HUMO Mogelijk is het repertoire van Clement voor hen ook een vrijgeleide voor, bijvoorbeeld, scherpe opinies over de vrouwelijke kunne: ik denk nu aan ‘Zagen’, waaraan ik gisteren, ter voorbereiding van dit interview, nog veel plezier heb beleefd.
Matthysen «Als we ‘Zagen’ spelen, staat er op de tiende rij altijd wel een koppel waarvan de man luid meezingt: ‘Da gij kunt zagen / da weet ekik al laenk / mor de leste dagen / godde wer ne gaenk’. Ondertussen wijst hij op het ritme van de muziek zijn vrouw aan, die er dan volkomen beteuterd bijstaat (lacht).»
Bekijk CPeX met 'Foorwijf' en 'Dikke Lu' op Studio Lier in 2011:
HUMO Je volhardt in Clement Peerens. ’t Is in ieder geval een rol die je erg schijnt te bevallen.
Matthysen «Zeker, en dat heeft alles te maken met mijn haat-liefdeverhouding met de popmuziek in ’t algemeen. Ik vind popmuziek namelijk totaal overschat.»
HUMO Heeft die opinie mogelijk iets met het klimmen der jaren te maken?
Matthysen «Neen, want toen ik 20 was, dacht ik er al zo over. Uit die tijd herinner ik me een optreden van Linton Kwesi Johnson in een werkelijk uitzinnige AB – die naam zegt je misschien nog iets?»
HUMO Jawel, de dubdichter.
Matthysen «Jan Leyers was daar toen ook, en wij waren de enige twee toeschouwers die Linton Kwesi Johnson aankeken met grote vraagtekens in onze ogen. Wij vonden er niks aan. Wat was die man anders dan een soortement aanhanger van Amada met literaire ambitie? Dat scheen niemand behalve Jan Leyers en ik in de gaten te hebben. Totale overwaardering. Dat gaf mij toen al te denken.
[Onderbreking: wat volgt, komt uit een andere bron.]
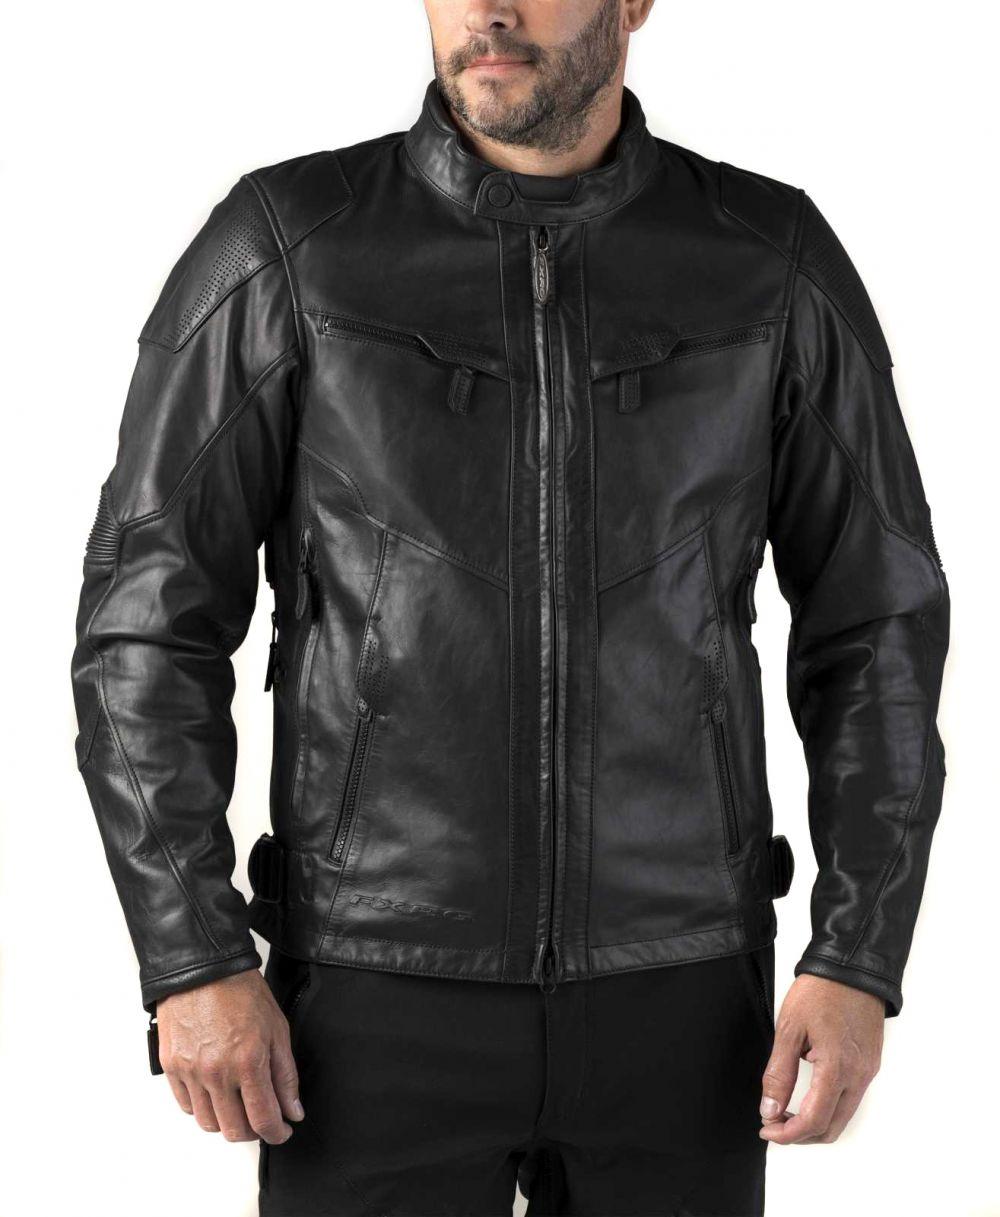 Куртка чоловіча FXRG розмір XL Шкіра Куртки купити Київ d4bfd4efaa649

»Ik weet niet of je nog weleens naar Radio 1 luistert, maar voor mij is dat een kwelling. De popkennerij druipt er van de muren, vooral in de avondprogramma’s. Altijd weer dezelfde verhalen: ‘Motown dit, Motown dat’, en dan denk ik: ‘Die mensen van Motown maakten commerciële muziek, punt.’ Er zijn toch nog andere interessante onderwerpen waarover je je op de radio misschien eens zou kunnen buigen? Wat dacht je van houtbewerking? Eén avond per jaar? Ik heb verstand van popmuziek. Ik weet hoe ze in elkaar zit, zodat ik ook niet meer opkijk van alweer een nieuw fenomeen, het zoveelste, dat massaal overschat wordt. Ik hoor nog altijd dezelfde akkoordenreeksen, en reken maar dat er na vijfentwintig jaar of langer enorm veel sleet op zit. Maar ’t blijft evengoed waar dat sommige mensen met maar drie akkoorden geweldige nummers kunnen maken.»
HUMO Begin jaren 90 heb je drie Nederlandstalige popplaten gemaakt die ik nog altijd goed vind. ‘Alaska’ is zelfs één van mijn favoriete Nederlandstalige popliedjes aller tijden. Ook de gitaarpartij in dat nummer vind ik erg mooi.
Matthysen «Ik ben geen geweldige zanger. Dat moet ik dan in de begeleiding compenseren.»
HUMO Waarom was je na drie cd’s klaar met Hugo Matthysen & De Bomen?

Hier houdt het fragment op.